# Fearful aggression in rescue.



## loudtisa (Jan 10, 2013)

We just rescued an 80lb German Shepher/Rottweiler mix, Louie. He's a great dog, or at least he wants to be. He is trying to learn to trust us but we have a few issues:
1. He's no longer allowed back to the vet until he gets used to a muzzle. It only took one trip for that rule to come into effect.
2. Afraid of men (except my fiance, Louie loves him).
3. Dislikes children.
4. Submits and nips and does "dead weight" when we reach for his collar. 
5. Knows his name but doesn't really want to come to it, however he will come when we call my Presa's name.

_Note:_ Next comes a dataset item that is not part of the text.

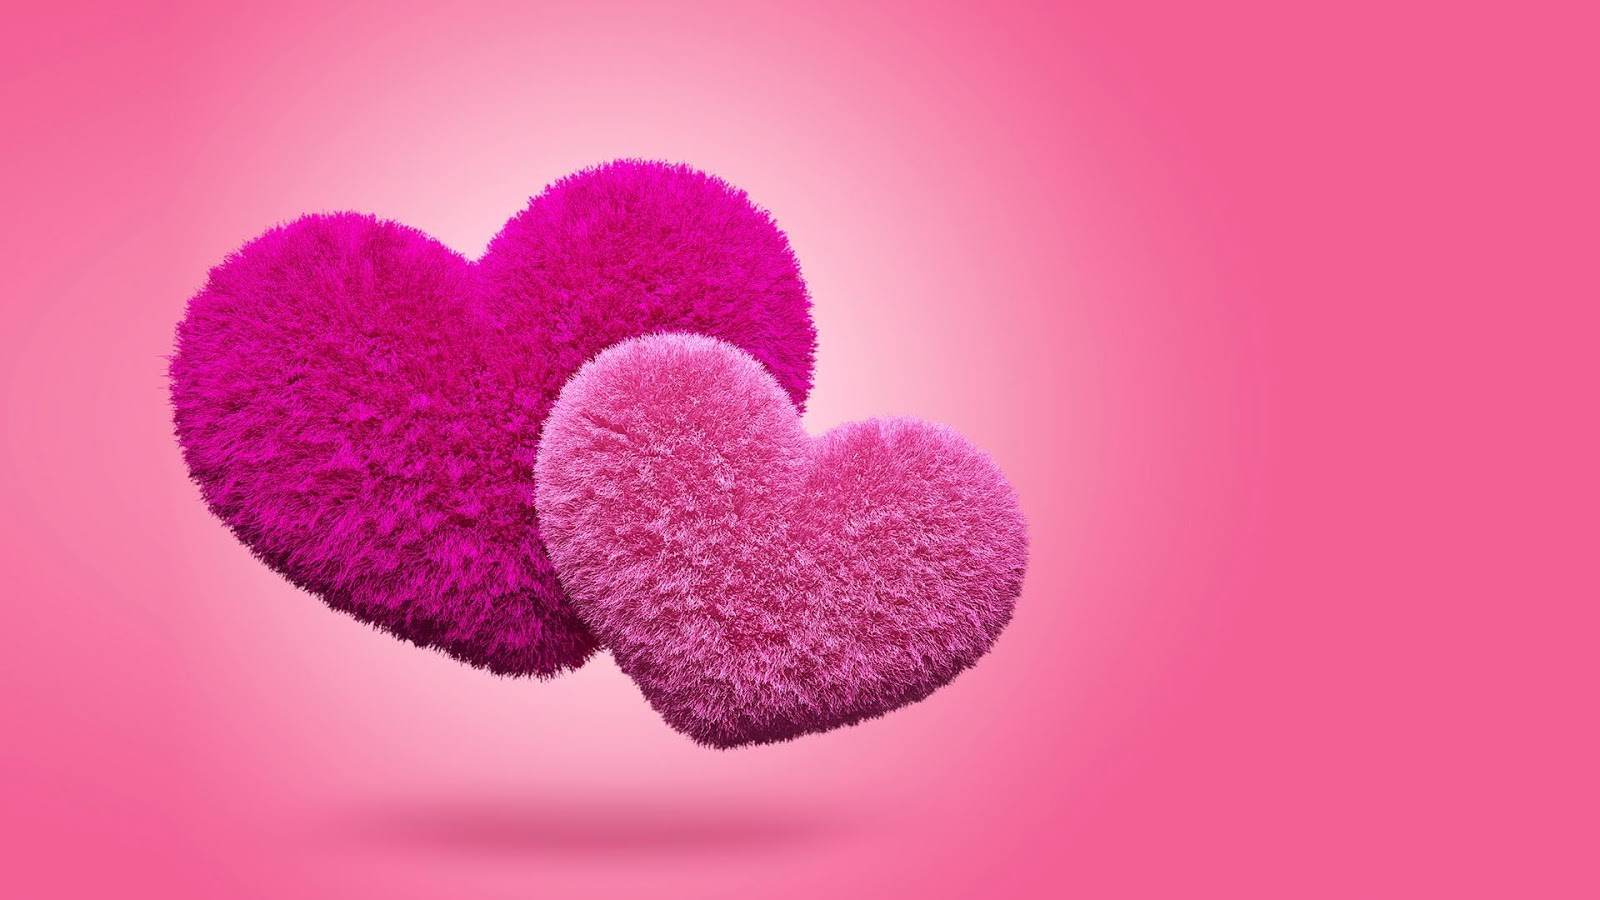 beautiful hearts pink image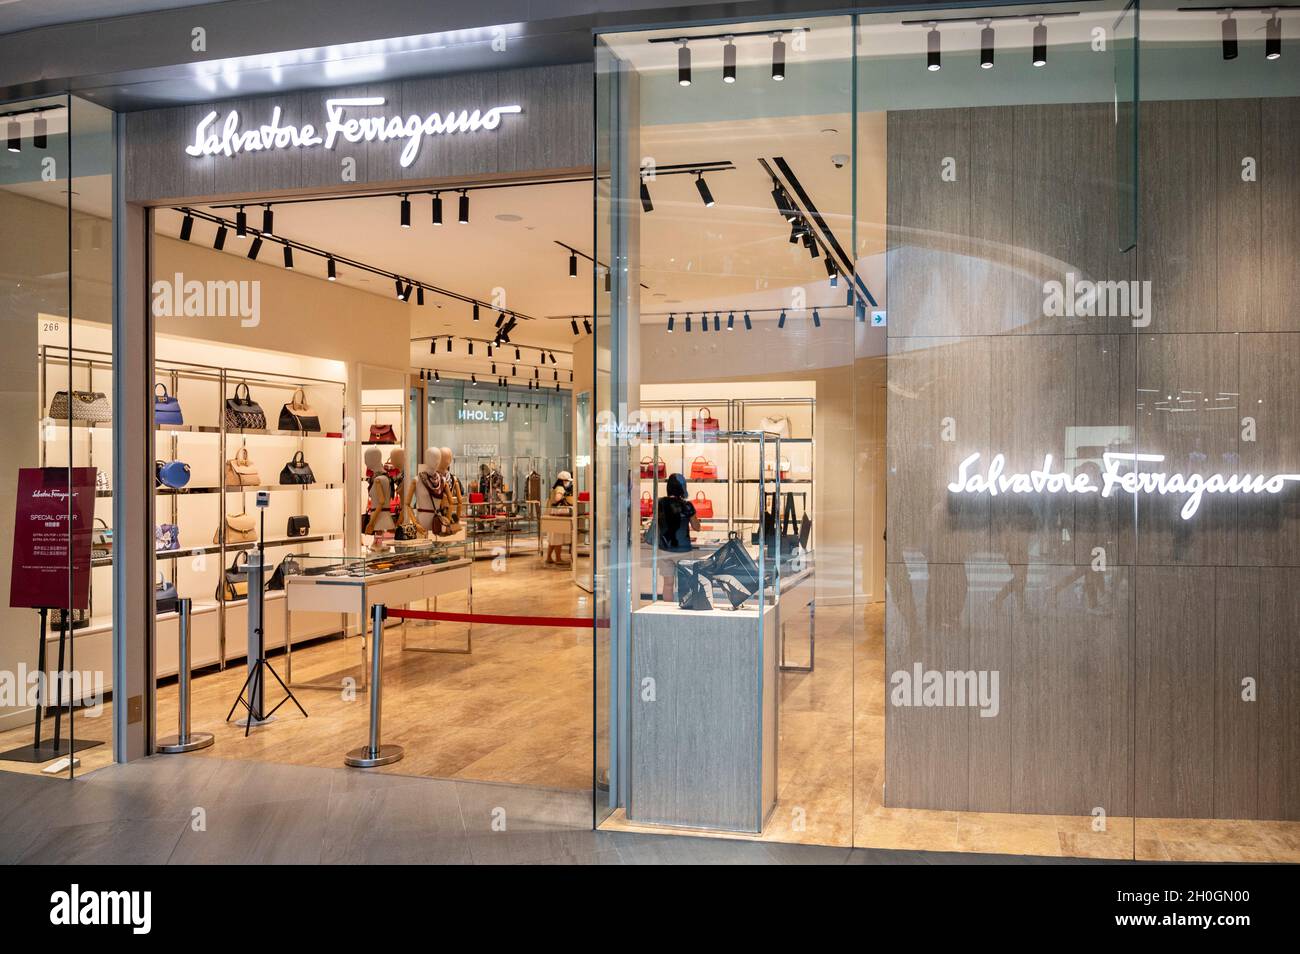 Italian luxury shoe brand Salvatore Ferragamo store and logo seen in Hong  Kong Stock Photo - Alamy

Yes, he really does know his name, he comes to it when he wants to.

Any other people dealt with fear aggression in a big dog? He's a sweet boy, we just can't trust him around other people or my cats.


----------



## Big Black Dog Mom (Oct 31, 2011)

Floyd had a lot of those issues when I adopted him. An animal behaviorist is a huge help and can prevent things from escalating.

Floyd was actually worse but now, 1.5 years later he's made a lot of progress. The muzzle is great. When I don't have to worry about him biting, I'm calmer and my reactions don't escalate his. Do you know how to train a dog to a muzzle? It's surprisingly easy if the dog is treat motivated. I use a basket muzzle and I've cut a small hole in it. Too small for him to bite through but big enough I can feed him treats (messily).

Clicker training is also a huge help. The idea is to reward the dog before he reacts for known triggers. I saw the training succeed today. A male jogger was approaching and floyd looked at me. That's because I, with the help of the animal behaviorist, have been rewarding him to look at me when he sees triggers. I clicked and gave him a treat. I then kept clicking and treating Floyd as the jogger went by.

You might want to look into BAT training. Those techniques can really work. Good luck.


----------



## loudtisa (Jan 10, 2013)

Thank you so much for your advice B. I really appreciate it. He is highly treat motivated, and he's developing his personality while testing his boundaries. He's become much more comfortable with us too. It's wonderful.
We bought him a muzzle, the canvas kind. He didn't mind a bit. I am going to look into BAT training, thank you so incredibly much for the suggestion!


----------